__WHAT THE TASK ASKS__
Without including any pictures, reproduce all the lines below word for word.
━━━━━ STORED DATA ━━━━━
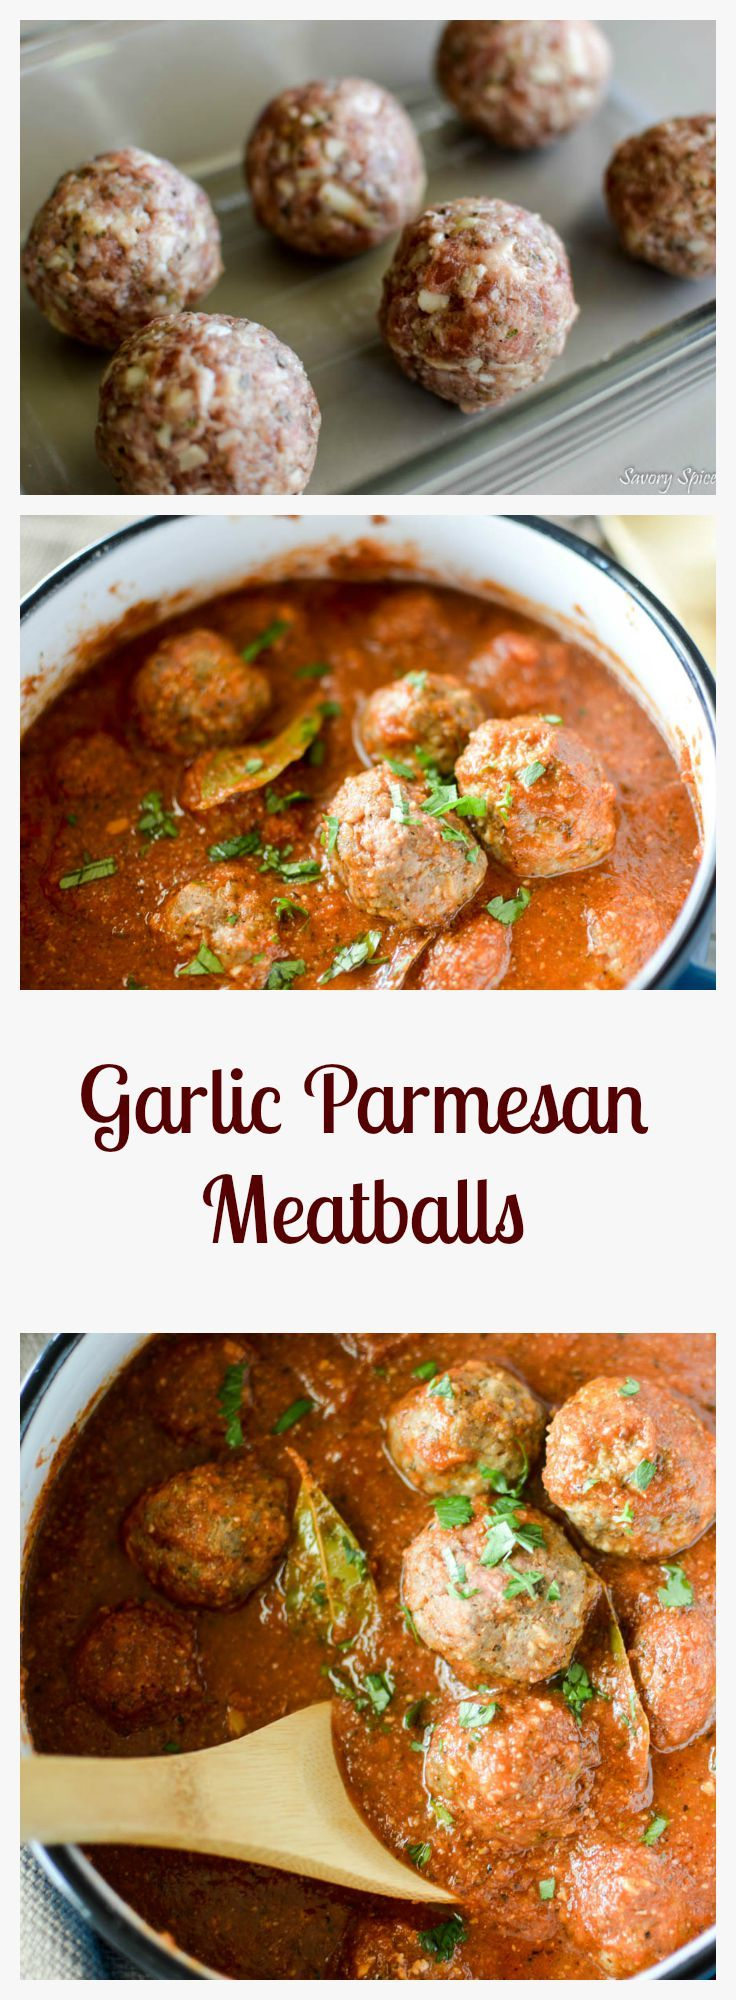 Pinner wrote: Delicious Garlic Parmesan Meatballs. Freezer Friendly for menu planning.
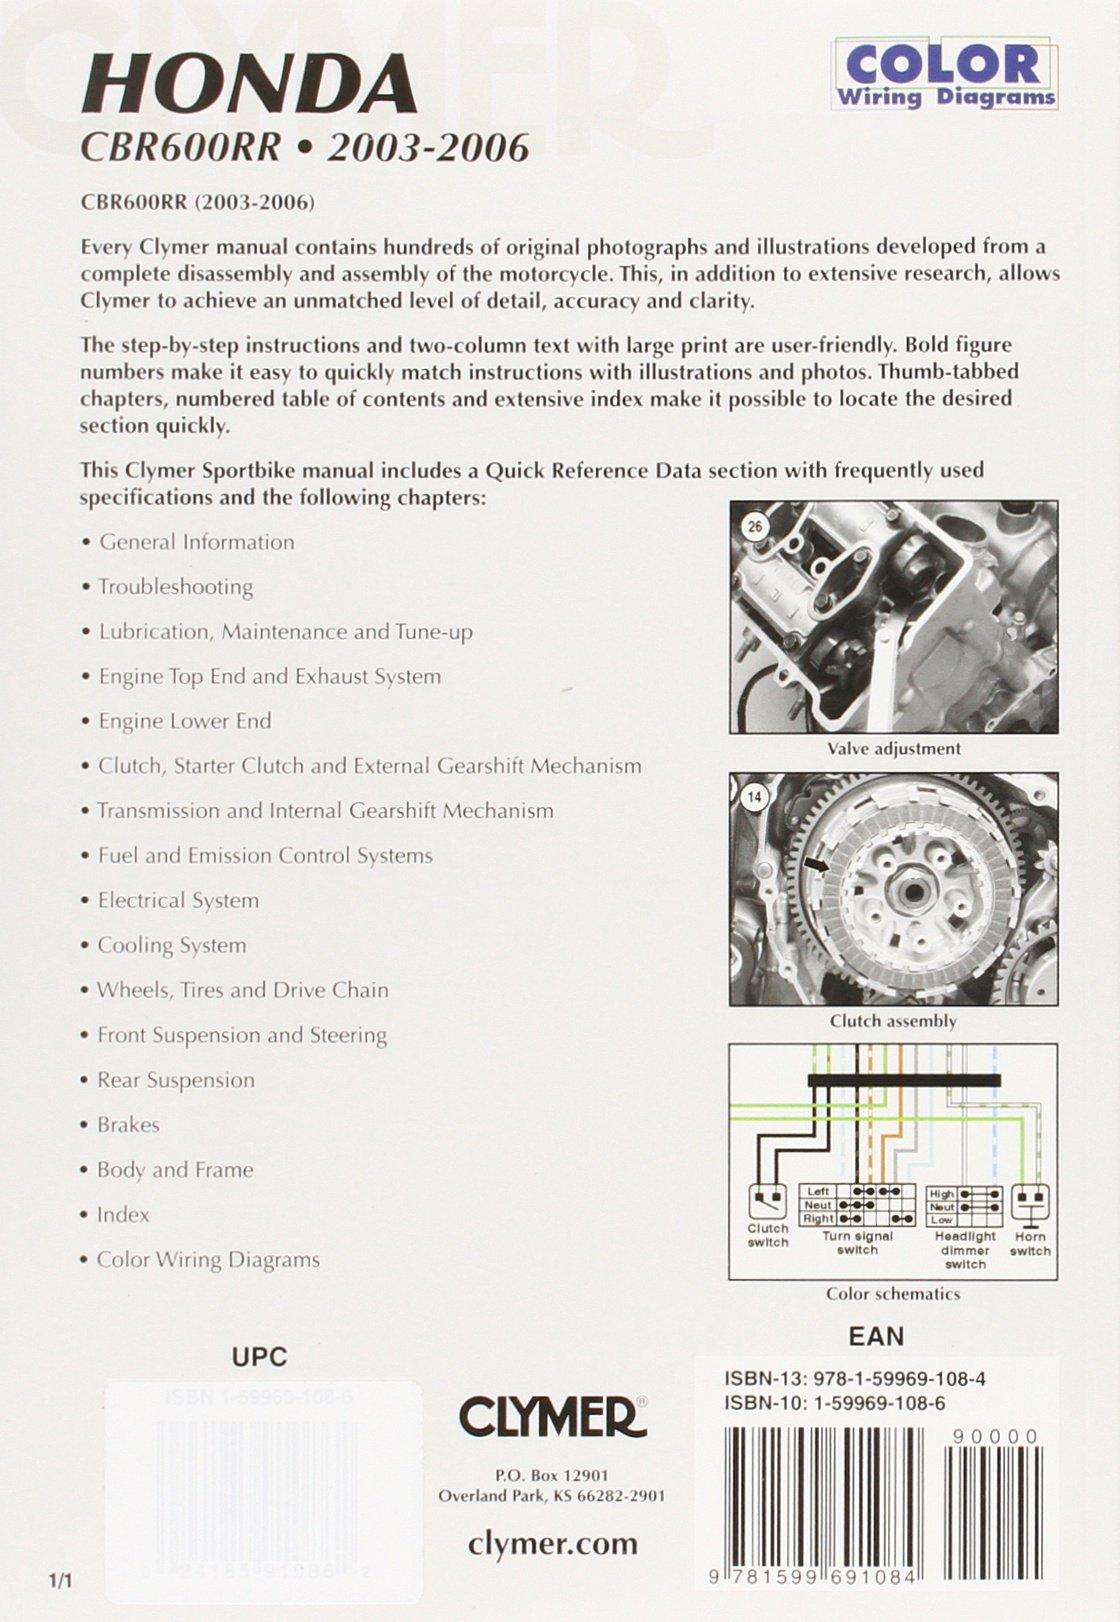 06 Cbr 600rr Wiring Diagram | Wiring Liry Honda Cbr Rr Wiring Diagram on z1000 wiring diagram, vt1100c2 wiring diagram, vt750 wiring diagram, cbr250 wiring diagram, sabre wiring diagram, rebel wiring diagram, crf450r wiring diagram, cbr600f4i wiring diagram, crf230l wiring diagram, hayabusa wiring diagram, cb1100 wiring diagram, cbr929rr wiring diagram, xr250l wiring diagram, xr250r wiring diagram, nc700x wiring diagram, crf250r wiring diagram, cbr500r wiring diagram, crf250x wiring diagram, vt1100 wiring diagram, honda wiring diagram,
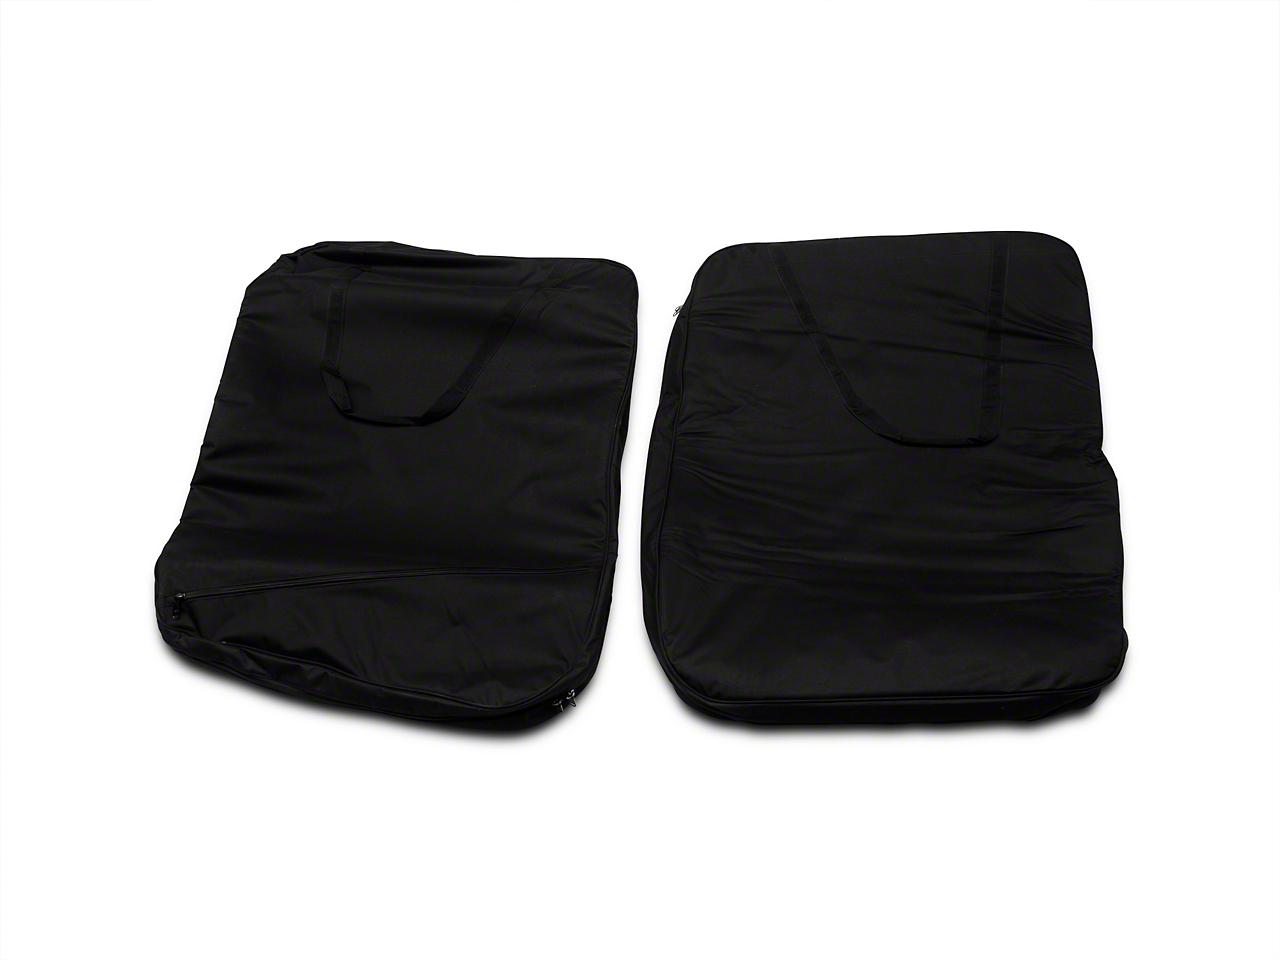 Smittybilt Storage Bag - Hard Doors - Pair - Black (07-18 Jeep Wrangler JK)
━━━━━
__ANSWER BELOW__
 Pinner wrote: Delicious Garlic Parmesan Meatballs. Freezer Friendly for menu planning.
 06 Cbr 600rr Wiring Diagram | Wiring Liry Honda Cbr Rr Wiring Diagram on z1000 wiring diagram, vt1100c2 wiring diagram, vt750 wiring diagram, cbr250 wiring diagram, sabre wiring diagram, rebel wiring diagram, crf450r wiring diagram, cbr600f4i wiring diagram, crf230l wiring diagram, hayabusa wiring diagram, cb1100 wiring diagram, cbr929rr wiring diagram, xr250l wiring diagram, xr250r wiring diagram, nc700x wiring diagram, crf250r wiring diagram, cbr500r wiring diagram, crf250x wiring diagram, vt1100 wiring diagram, honda wiring diagram,
 Smittybilt Storage Bag - Hard Doors - Pair - Black (07-18 Jeep Wrangler JK)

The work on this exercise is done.